Why: The dashboard was built as a monitoring tool, not a full management UI. The SSE infrastructure is solid but the UI only consumes a subset of available events.

Status: Functional for monitoring. Not a priority for expansion.


Validation

Validation Condition Expressions

Validation condition fields support comparison expressions with any context variable and boolean AND:

validations:
  - type: file_exists
    path: "output.md"
    condition: "sheet_num >= 3"                        # Simple comparison
    condition: "stage == 2 and instance == 1"          # Boolean AND with fan-out variables
    condition: "sheet_num >= 3 and sheet_num <= 5"     # Range check

Supported operators: >=, <=, ==, !=, >, <

Supported variables: Any variable from the sheet context — sheet_num, stage, instance, fan_count, total_stages, and any user-defined prompt.variables.

What's NOT supported:

  • Complex expressions: sheet_num in [1, 3, 5]
  • Boolean OR: sheet_num == 3 or sheet_num == 5
  • Nested expressions: (sheet_num > 2) and (stage < 3)

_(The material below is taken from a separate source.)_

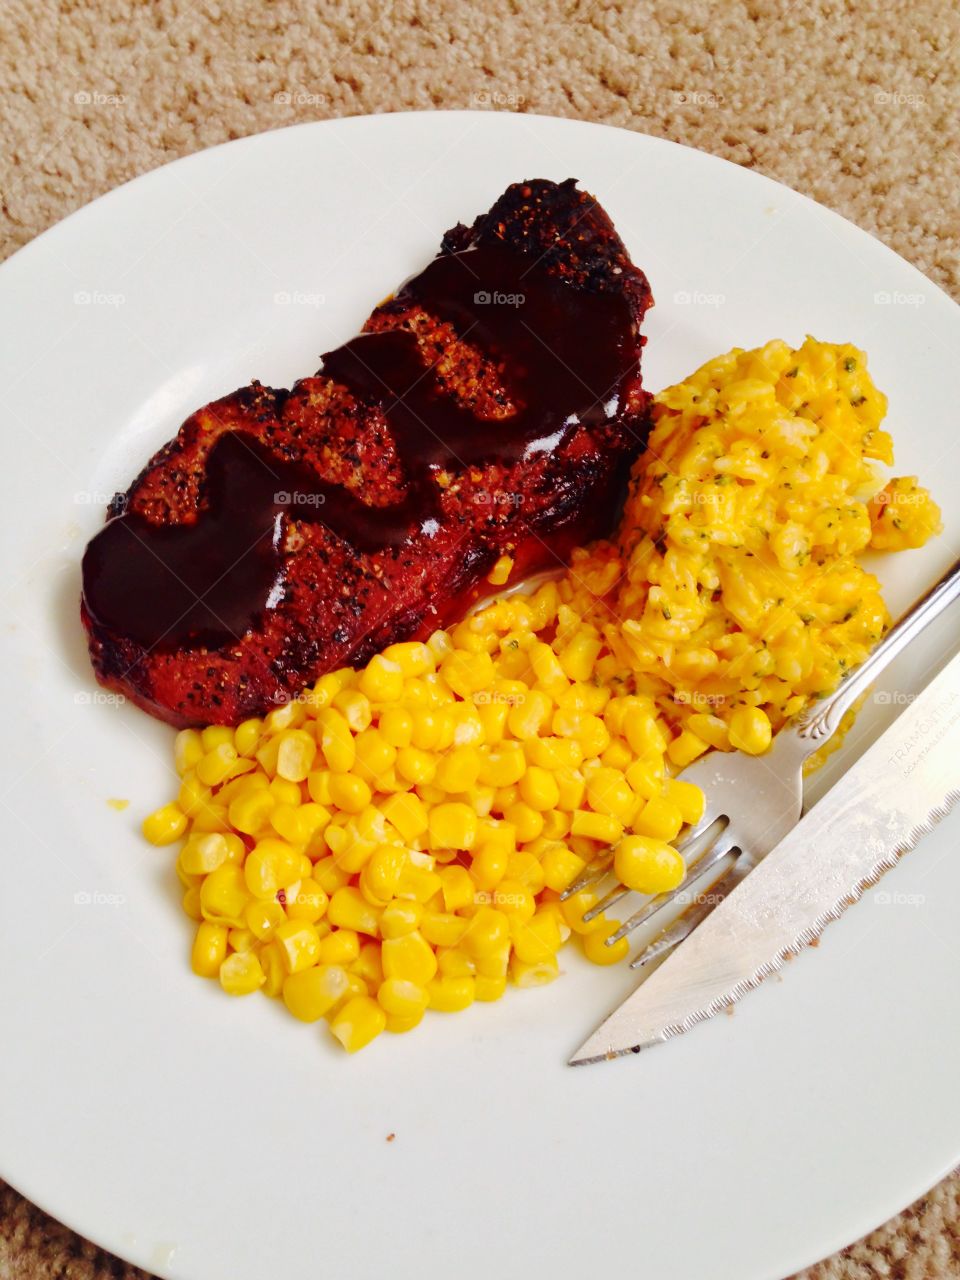 Steak, corn & rice
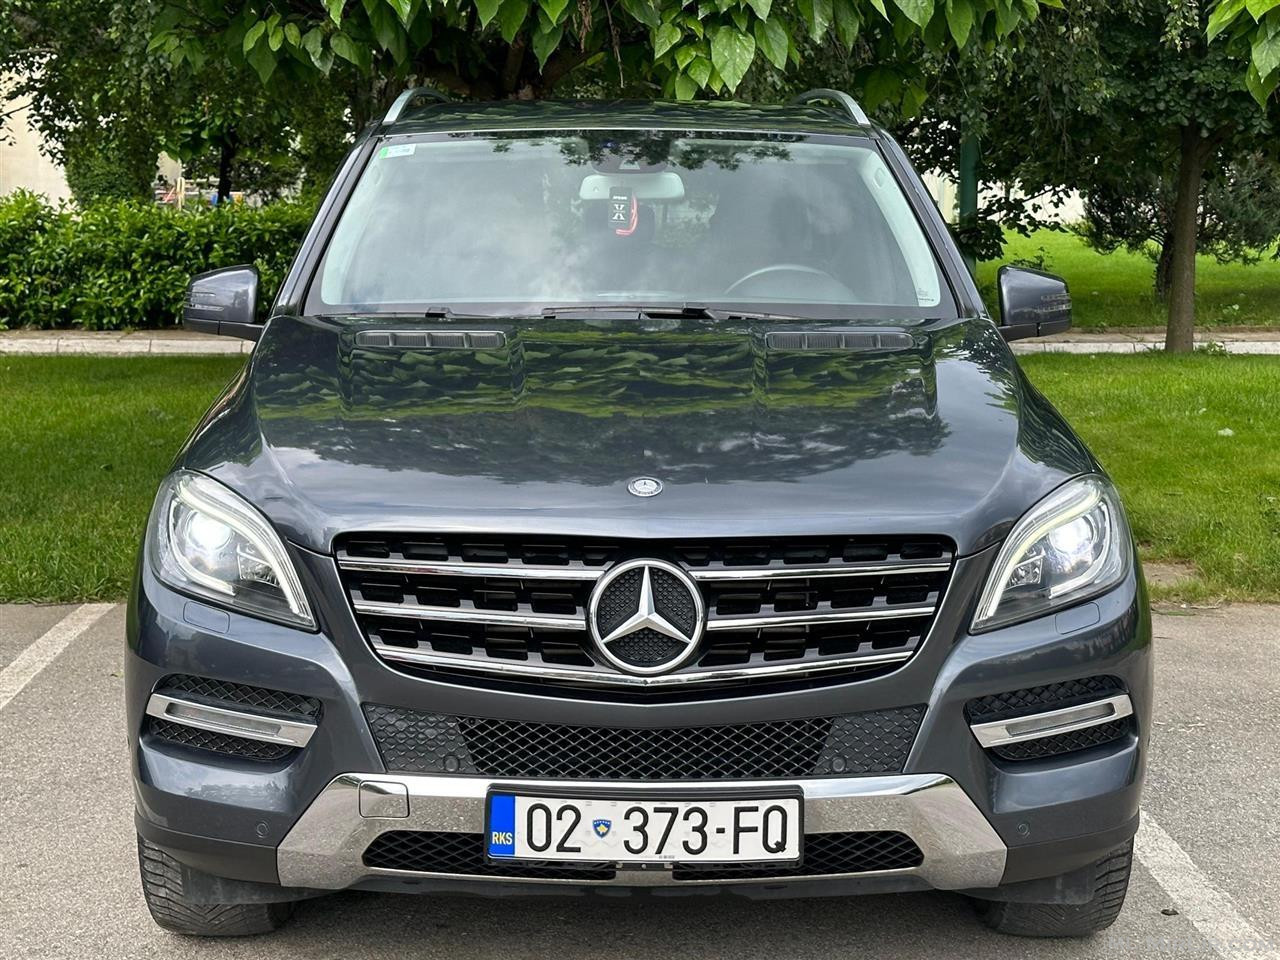 Mercedes ML 250 CDI 4MATIC 12/2013 Sapo Doganuar

Why: The condition evaluator in engine.py splits on " and " and evaluates each clause as a variable operator value triple. Unrecognized conditions silently fall back to "always apply" behavior.

Workaround: For OR logic, use multiple validation entries, each with a simple condition.

Status: Sufficient for current use cases.


Configuration

Validation Stage Limits

Validation stages are capped at 1-10. You cannot define more than 10 sequential validation stages per sheet.

Why: A practical limit to prevent unbounded validation chains. The stage field is validated with ge=1, le=10.

Status: Permanent. 10 stages covers all practical use cases.

Process Timeout Default

The default instrument timeout is 1800 seconds (30 minutes). This is the timeout users should be aware of.

There is also an internal constant PROCESS_DEFAULT_TIMEOUT_SECONDS = 300 used as a fallback when no config is loaded, but this is never reached in normal operation — the Pydantic model always provides the 1800s default.

Workaround: Override the timeout in your score:

instrument_config:
  timeout_seconds: 3600  # 60 minutes for long-running sheets

Status: Permanent. Explicit timeouts are safer than high defaults.